Reynolds can be seen running at them wielding a bat. One worker can be seen hitting Reynolds in the head, and seconds later another fired five shots at him.
The Baltimore Banner obtained a copy of the dashcam video from a source who agreed to let The Banner describe the video, but did not grant permission to publish it, as it depicts a person’s final moments.
The organizer of an online fundraiser for the Reynolds family said the family declined to comment on the arrest.
Under Maryland law, someone must make a reasonable effort to retreat before responding with deadly force to an aggressor. Self-defense cases are more straightforward when a shooter is confined inside his or her home. On the streets, the matter is complicated.
For one, the person may respond with deadly force only if he or she can’t retreat or can’t retreat safely. Their surroundings — say, a brick wall or lanes of fast-moving traffic — may factor in.
Secondly, for the act to be considered self-defense under the law, the shooter must convince a judge or jury that he or she had a reasonable expectation that the weapon, in this case a bat, presented a lethal threat. That issue, too, could be complicated by factors such as how the bat was wielded and what, if any, words were spoken by the aggressor.
Police charged the teen as an adult with first-degree murder. Any judge or jury would also have the option of considering lesser murder charges, such as second-degree murder or manslaughter.
There is no circumstance under Maryland law where a 14- or 15-year-old is permitted to carry a handgun.

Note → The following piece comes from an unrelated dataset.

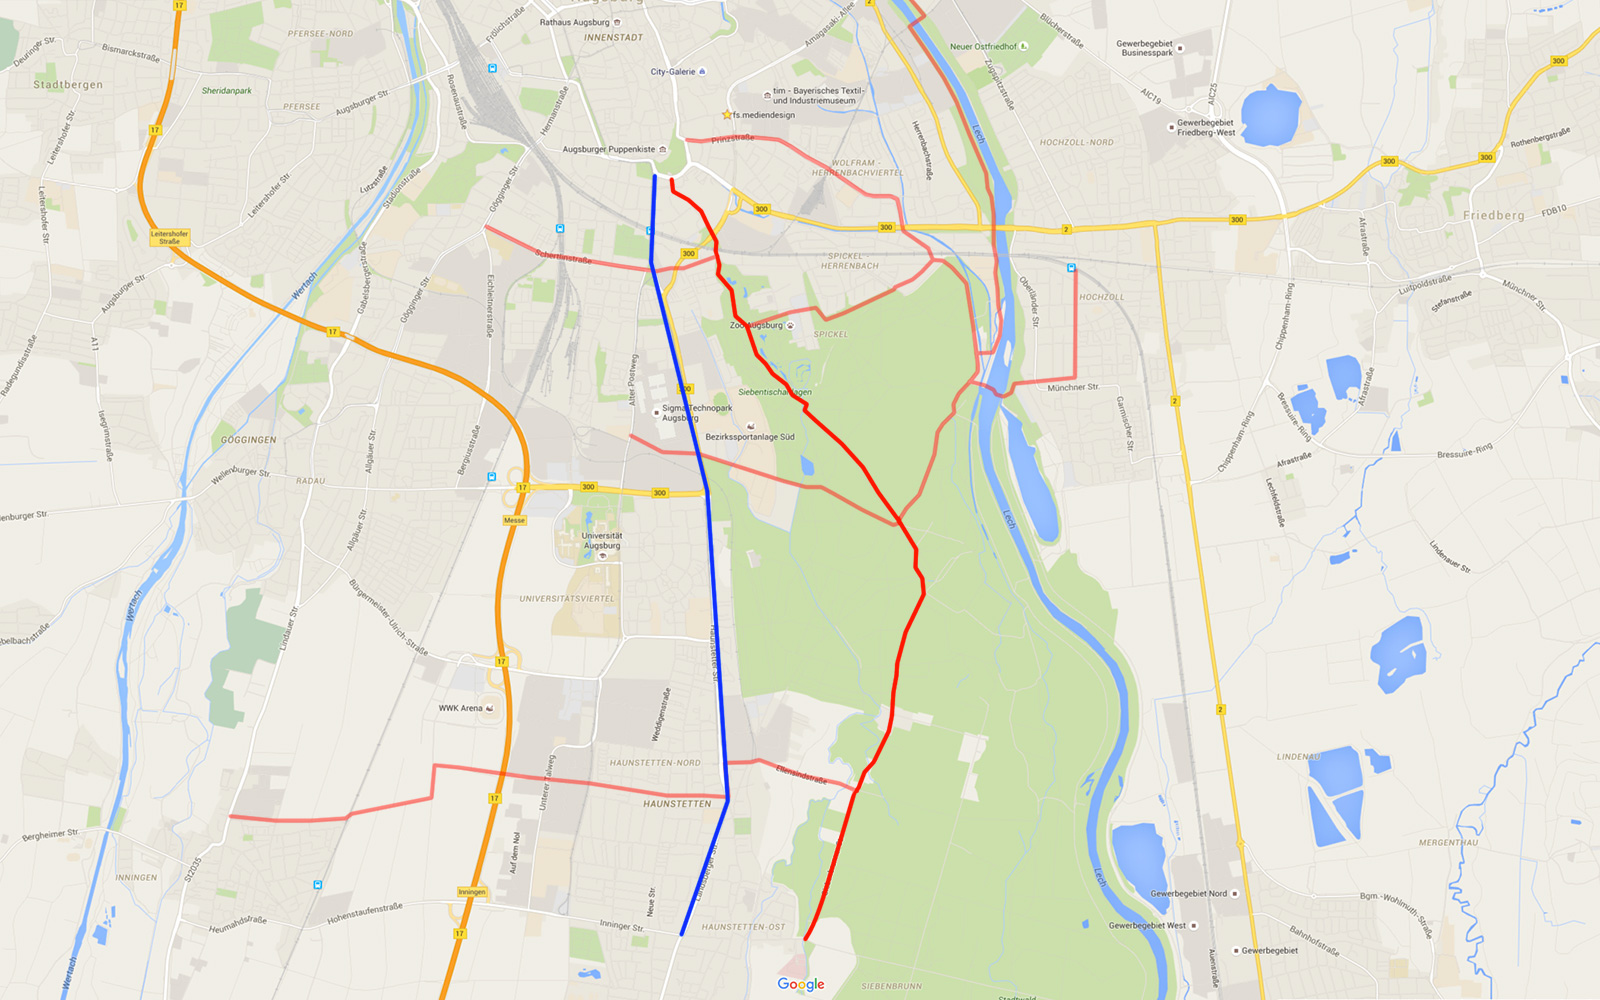 Blau markiert der Weg an der Haunstetter Str entlang. Rot der kürzeste Weg durch den Stadtwald (mit den diversen möglichen Abzweigungen)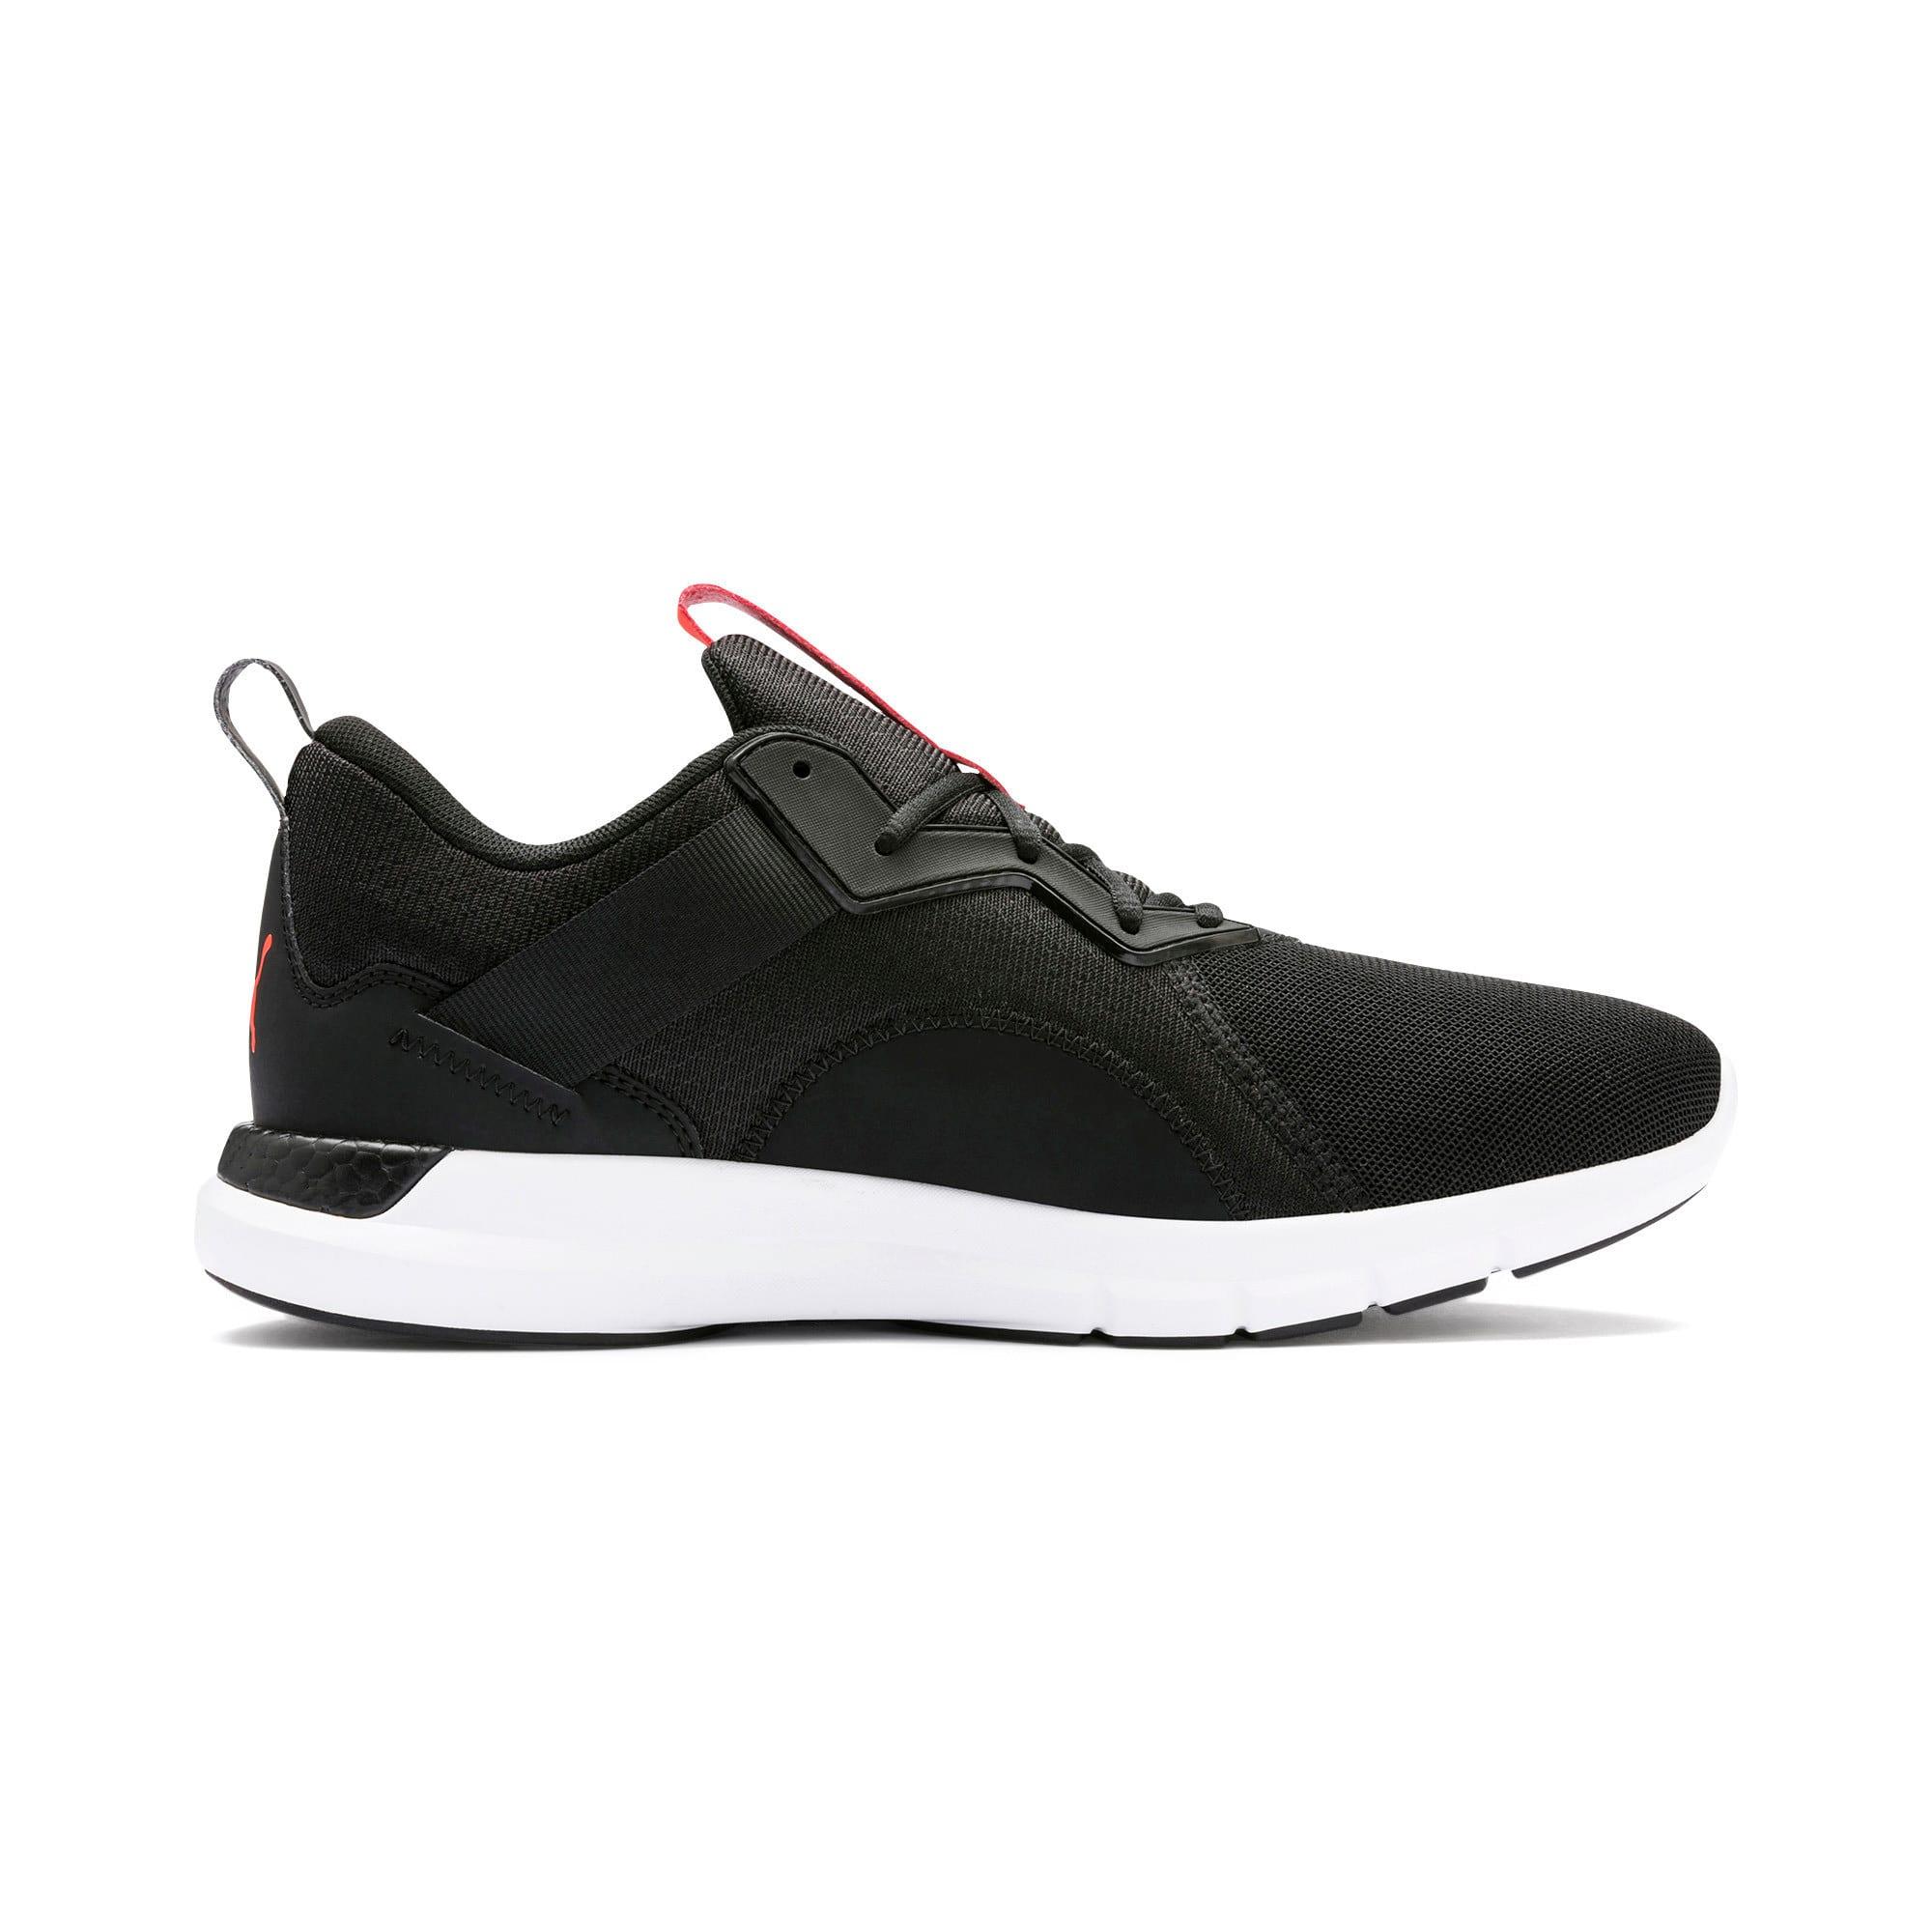 Miniatura 6 de Zapatos para correr NRGY Dynamo Futuro para hombre, Puma Black-Nrgy Red, mediano

A spokeswoman for the Baltimore State’s Attorney’s Office declined to comment on the decision to charge the boy as an adult with first-degree murder.
Defense attorneys are likely to petition a judge to transfer the case to juvenile court. In juvenile court, a child faces the possibility of being detained until around the maximum age of 21. In Circuit Court, he or she faces life in prison.
Judges consider age, mental and physical condition, amenability to treatment, the nature of the offense and public safety when deciding whether to transfer a case to juvenile court. Hearings on the issue can be hard-fought, lengthy and involved, said defense attorney James Johnston, who represented children in such cases for the Office of Public Defender.
“With transfer cases, defense lawyers will typically deep dig into their client’s background — interviewing family and teachers and arranging for an in-depth mental health evaluation. The goal is to show the judge deciding the transfer case that a young person has treatment needs that can be successfully met in the juvenile system, and that the juvenile system will result in a better outcome than time in the adult prison system,” he explained in an email.
Squeegee workers have been a racial flash point in Baltimore for decades, with some motorists recounting negative interactions when they refused to have their cars cleaned and others saying workers are trying to make a buck and are polite to those who are respectful to them.
Mayor Brandon Scott said school police assisted city police in the investigation.
“As I’ve said continuously, any person that endangers the safety and well-being of anyone on the streets of Baltimore, they will be held accountable. Now we must support our community in healing especially the impacted families,” Scott said in a statement. “As we allow this case to be handled by the appropriate parties, we must continue to do all we can to prevent people — especially young people — from having to engage in activities that put the lives of others or their own lives at risk.”
Police Commissioner Michael Harrison said the case was “another sad reminder that guns are too easily accessible to our young people.”
Under state law, the charge of first-degree murder for someone 14 or older must be filed in adult court. A waiver hearing will be held to determine if the case should be heard in juvenile court.
The story was updated to correct the maximum age a child may be held when convicted in juvenile court.